Singapore and Malaysia to Conclude Vast Economic Zone Agreement
Malaysia and its neighbour Singapore are in talks to finalise an agreement that will create a vast economic zone linking both border regions. Though it has faced its fair share of delays since 2023, the vast economic zone is expected to create 100,000 jobs and contribute $26 billion annually to Malaysia’s economy by 2023.
The agreement is expected to attract investment and encourage Singapore-based companies to expand into Johor, which has more land and a larger workforce.

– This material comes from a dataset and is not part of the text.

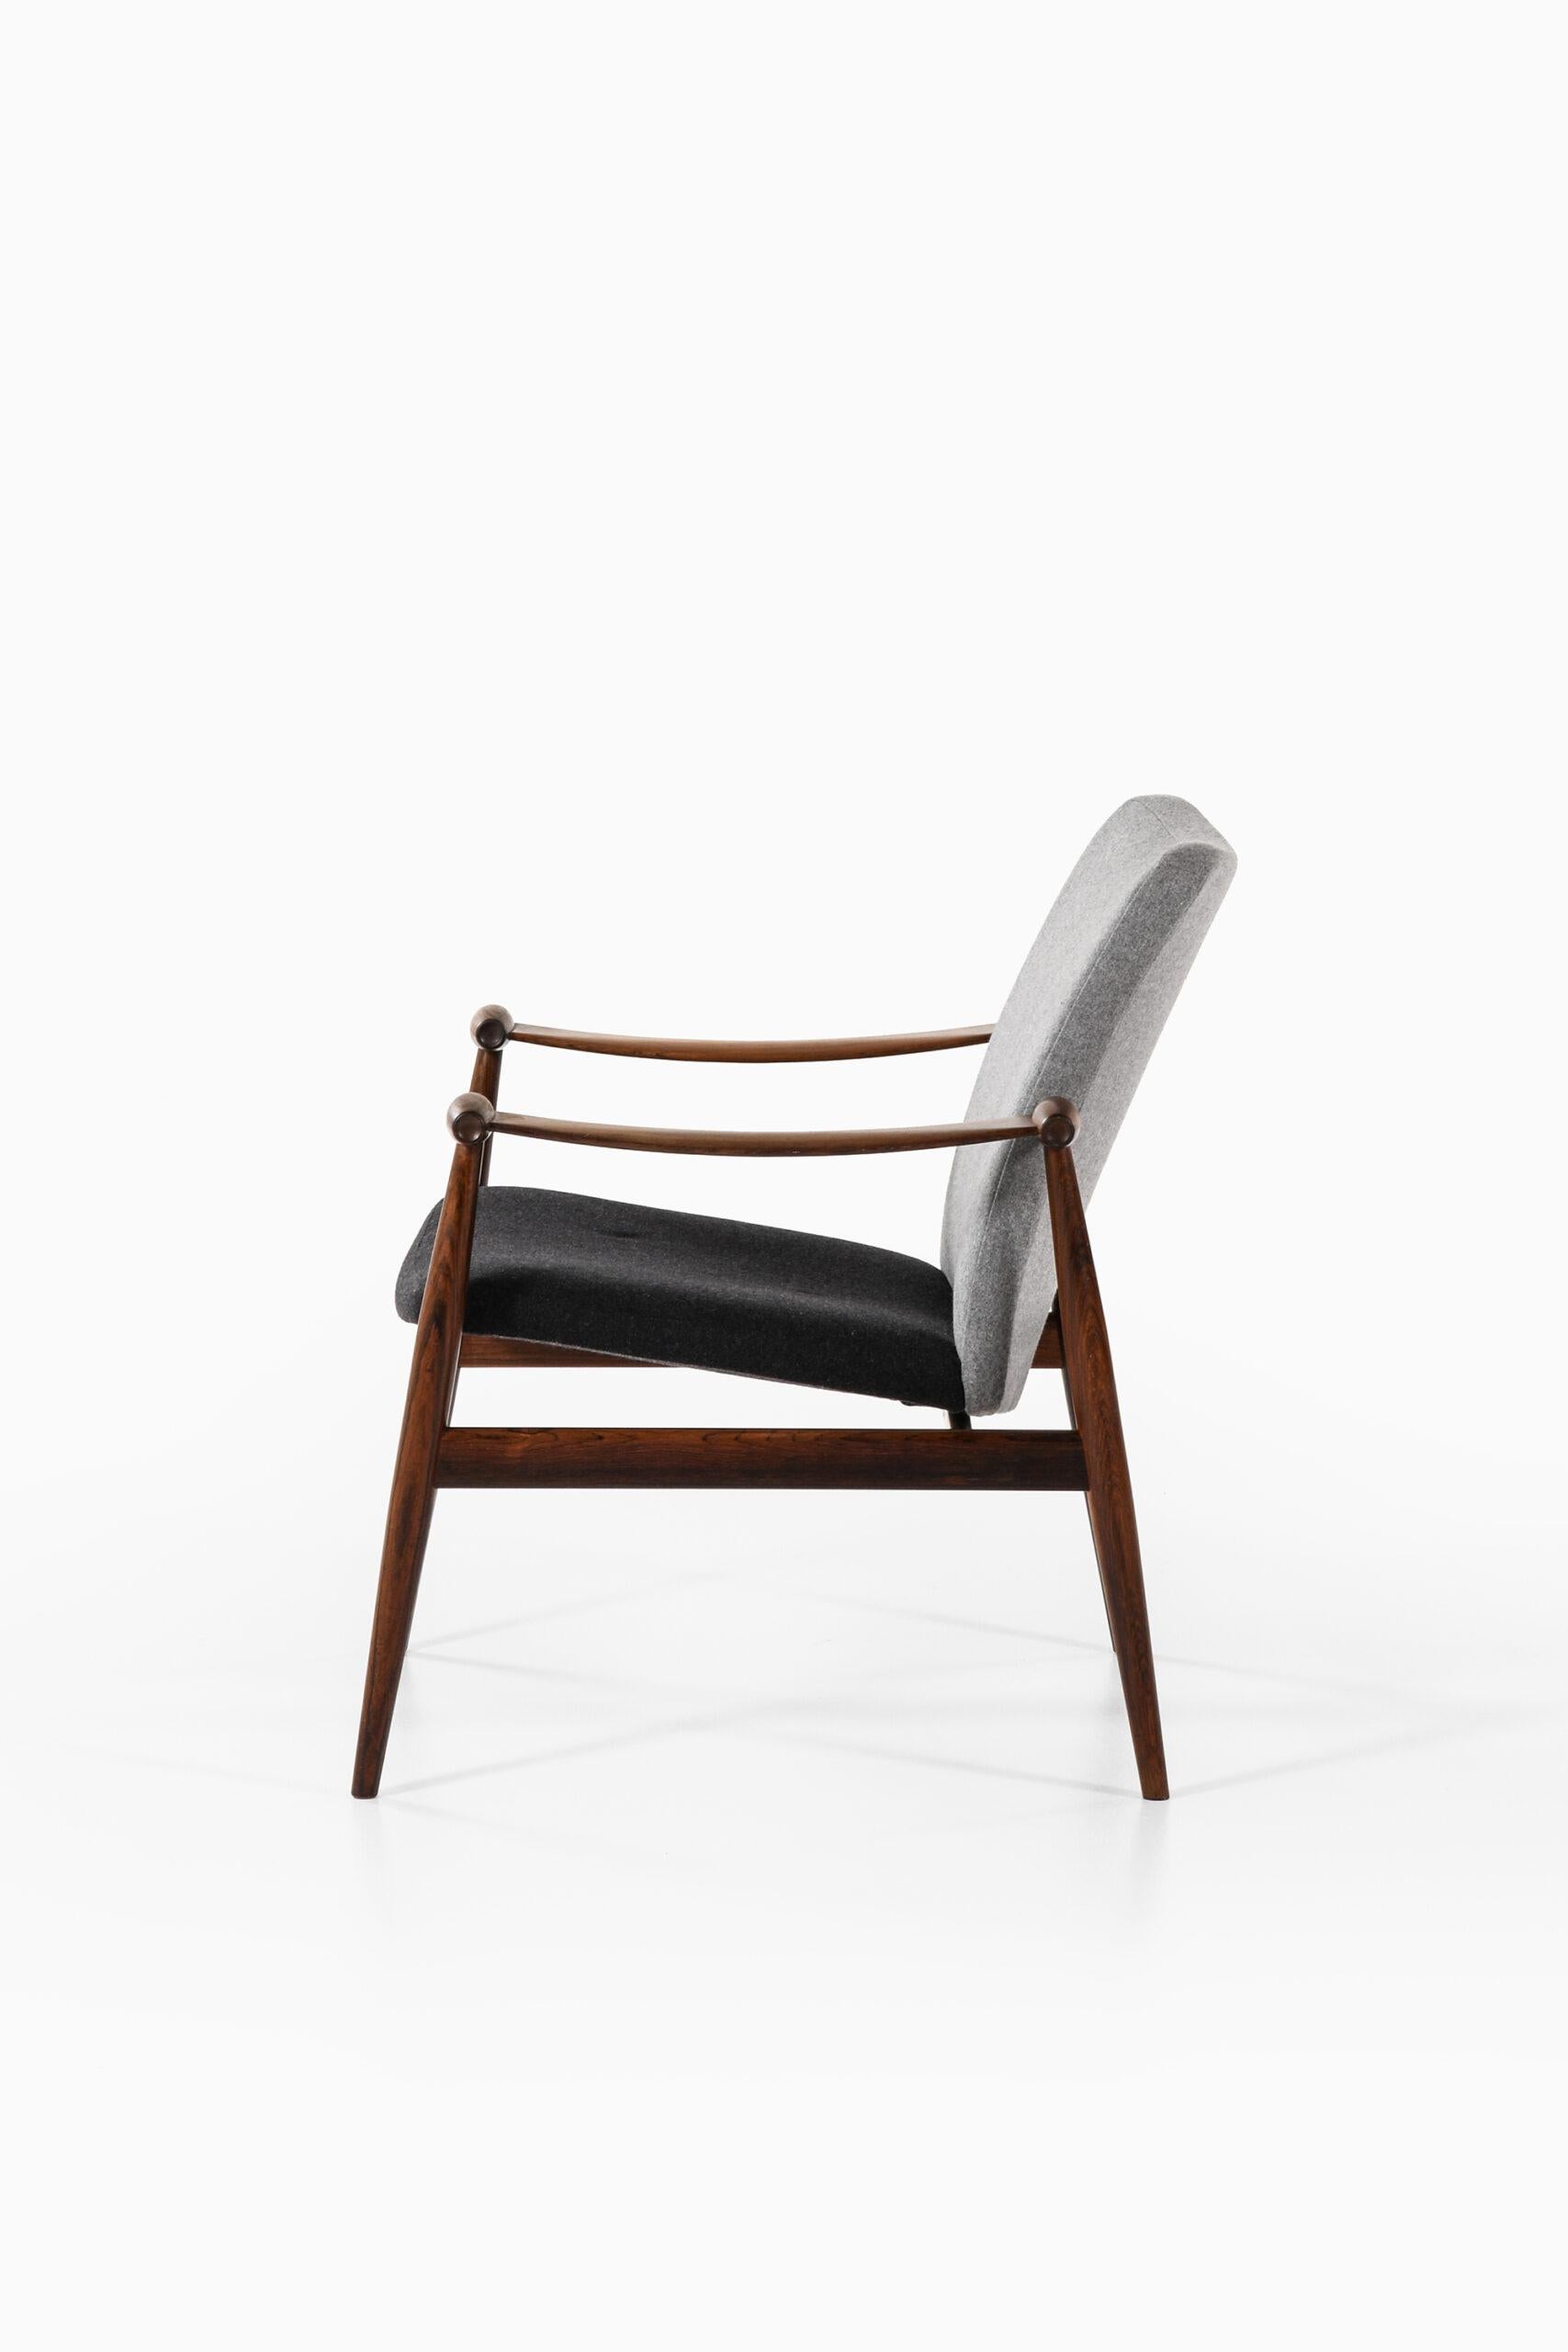 Fabric Finn Juhl Easy Chair Model 'Spade' Produced by France & Son For Sale

A Streamlined Regulatory Process
The agreement aims to streamline regulatory processes, ensure transparency, and offer tax incentives. The vast economic zone will span 3,500 square kilometres, much larger than Singapore and nearly twice the size of Shenzhen, China.

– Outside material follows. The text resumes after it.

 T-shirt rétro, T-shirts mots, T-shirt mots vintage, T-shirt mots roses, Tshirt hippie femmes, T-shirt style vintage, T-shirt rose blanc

The project did experience delays, as previous efforts to strengthen ties between Johor and Singapore have struggled. Still, Johor’s proximity to Singapore has long been an asset, highlighted by a boom in data centres after Singapore’s moratorium on new centres from 2019 to 2022, partly due to energy concerns. Thus, with enhanced bureaucratic capacity and prudent expectations management, the SEZ will be highly beneficial for businesses crossing the border into Johor.
A Move to Streamline Investments
Malaysia has struggled to implement a digital vehicle entry permit system and only recently began trials for QR-code clearances, which Singapore has already rolled out. In January 2024, a memorandum of understanding was signed that outlined goals for facilitating cross-border movement, including passport-free travel and QR-code clearance systems.
However, analysts question whether both countries have made enough progress on streamlining investment and tax policies to truly attract fresh investment. Singapore’s corporate tax rate is the lowest in the region at 17%, compared to Malaysia’s 24%, and experts believe tax incentives will be key to drawing businesses to Johor as a regional supply chain hub.